What you should do = Retype the entries, please, from their first line to the line containing "Polpo Martini Glass is", exactly and only those lines, minus the pictures.

Extracted records =
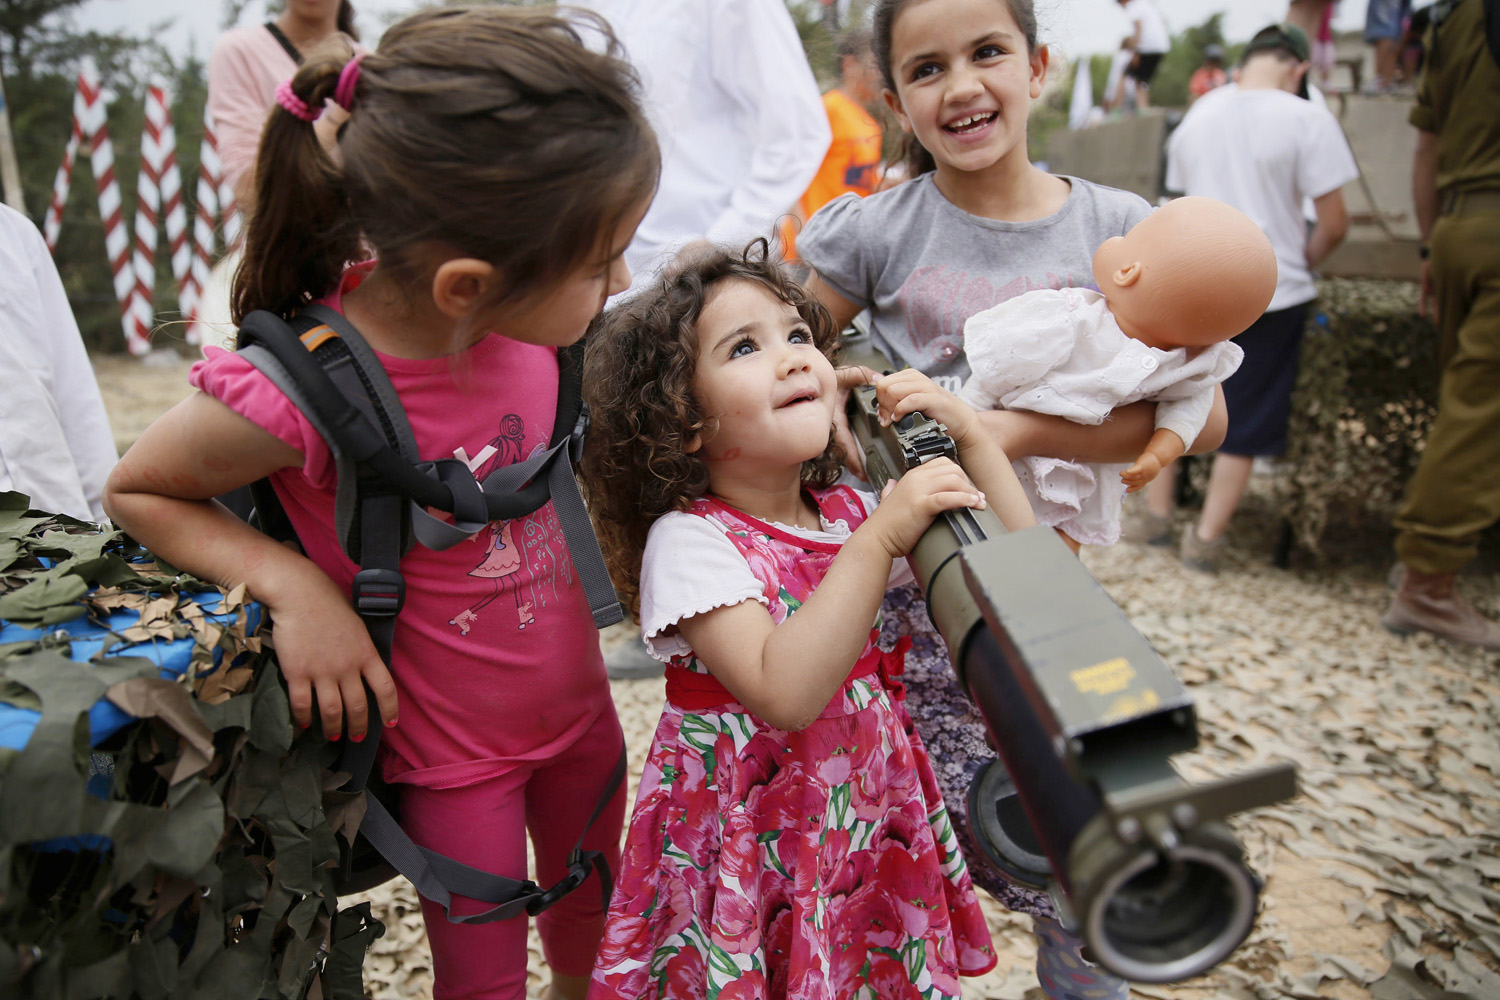 An Israeli child holds a rocket launcher during a traditional military weapon display to mark the 66th anniversary of Israel's Independence at the West Bank settlement of Efrat near the biblical city of Bethlehem on May 6, 2014.
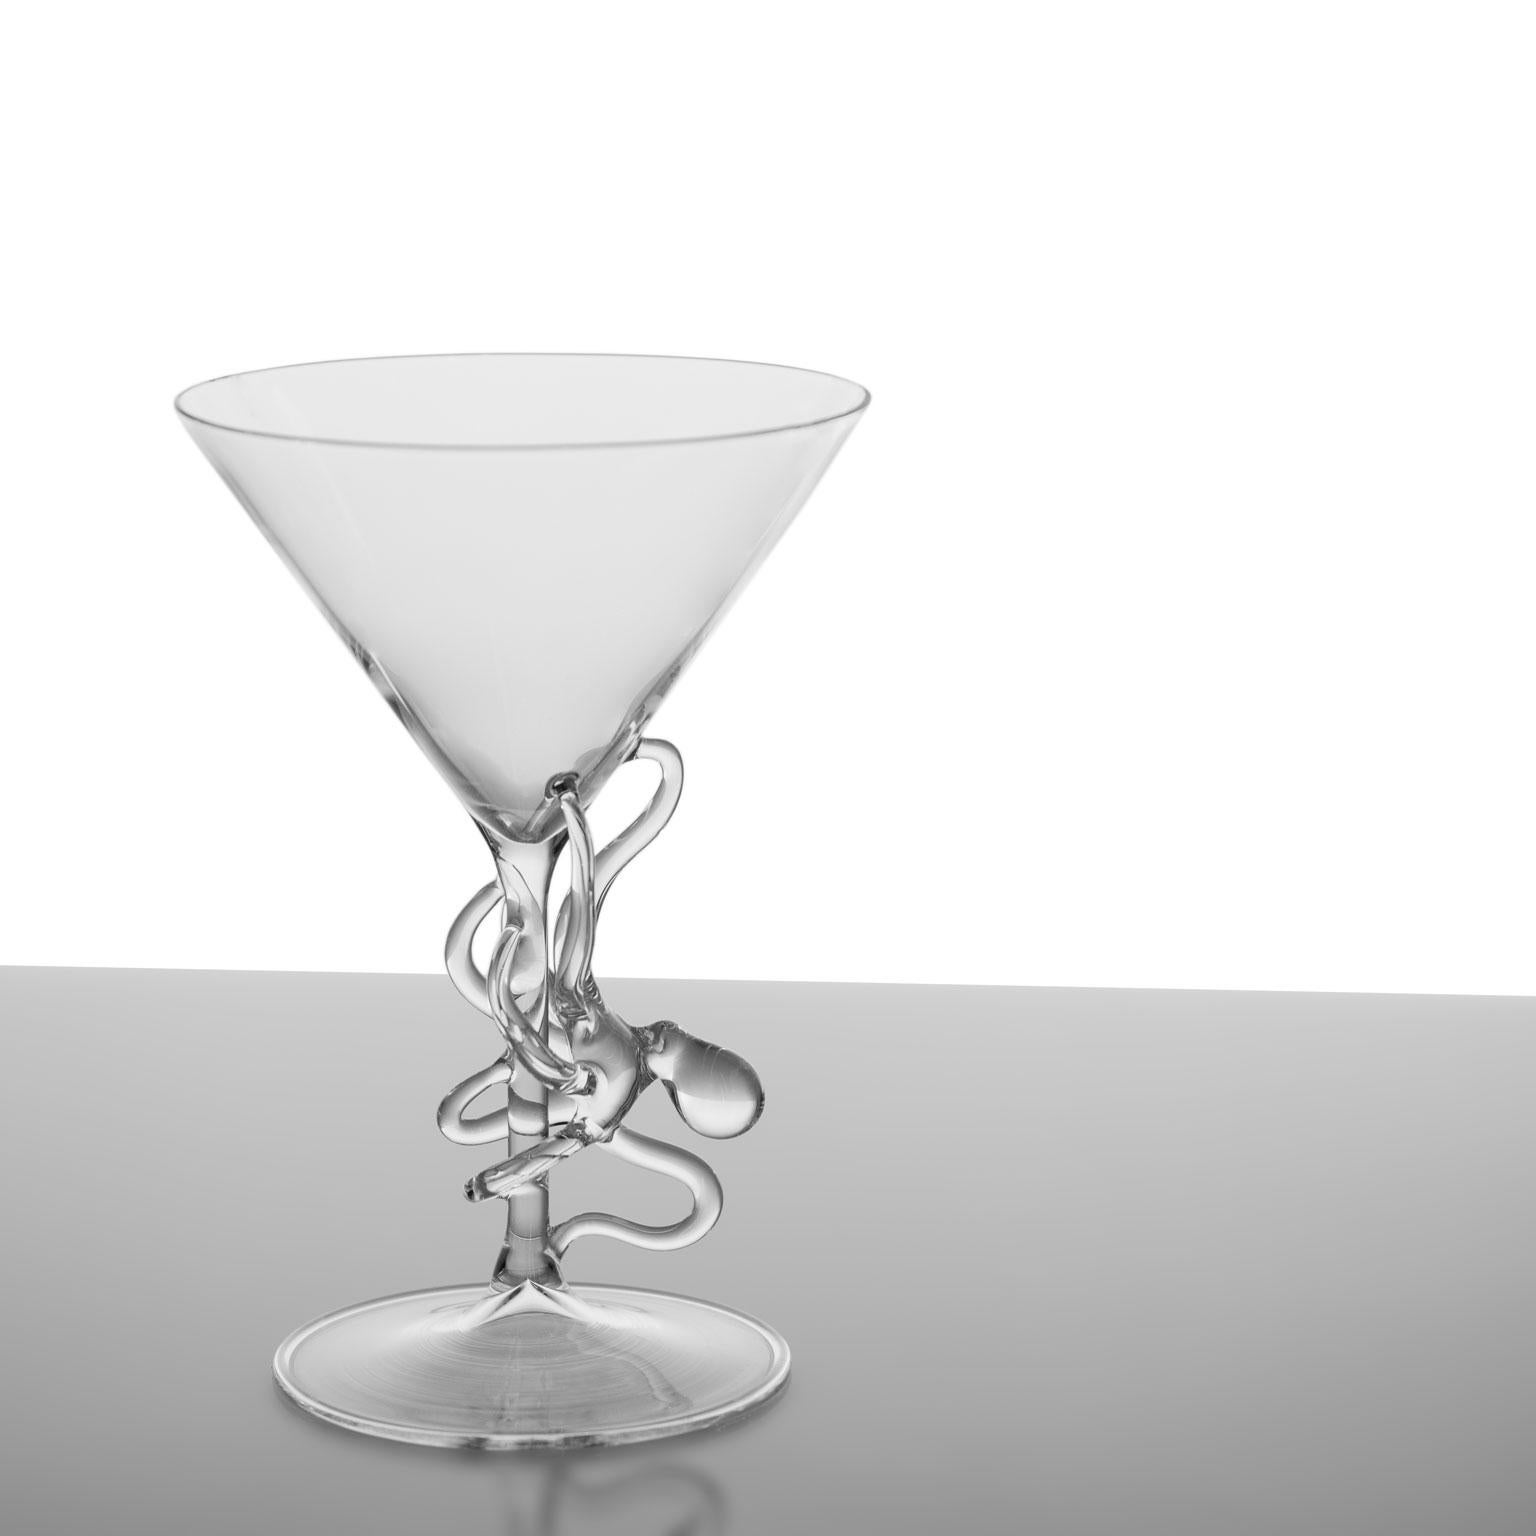 'Polpo Martini Glass'
A Hand-Blown Martini Glass by Simone Crestani
Polpo Martini Glass is one of the pieces from the Polpo Collection.

The enveloping elegance of the Polpo Collection may make you believe that the animal is really wrapping the

Exercise answer =
 An Israeli child holds a rocket launcher during a traditional military weapon display to mark the 66th anniversary of Israel's Independence at the West Bank settlement of Efrat near the biblical city of Bethlehem on May 6, 2014.
 'Polpo Martini Glass'
A Hand-Blown Martini Glass by Simone Crestani
Polpo Martini Glass is one of the pieces from the Polpo Collection.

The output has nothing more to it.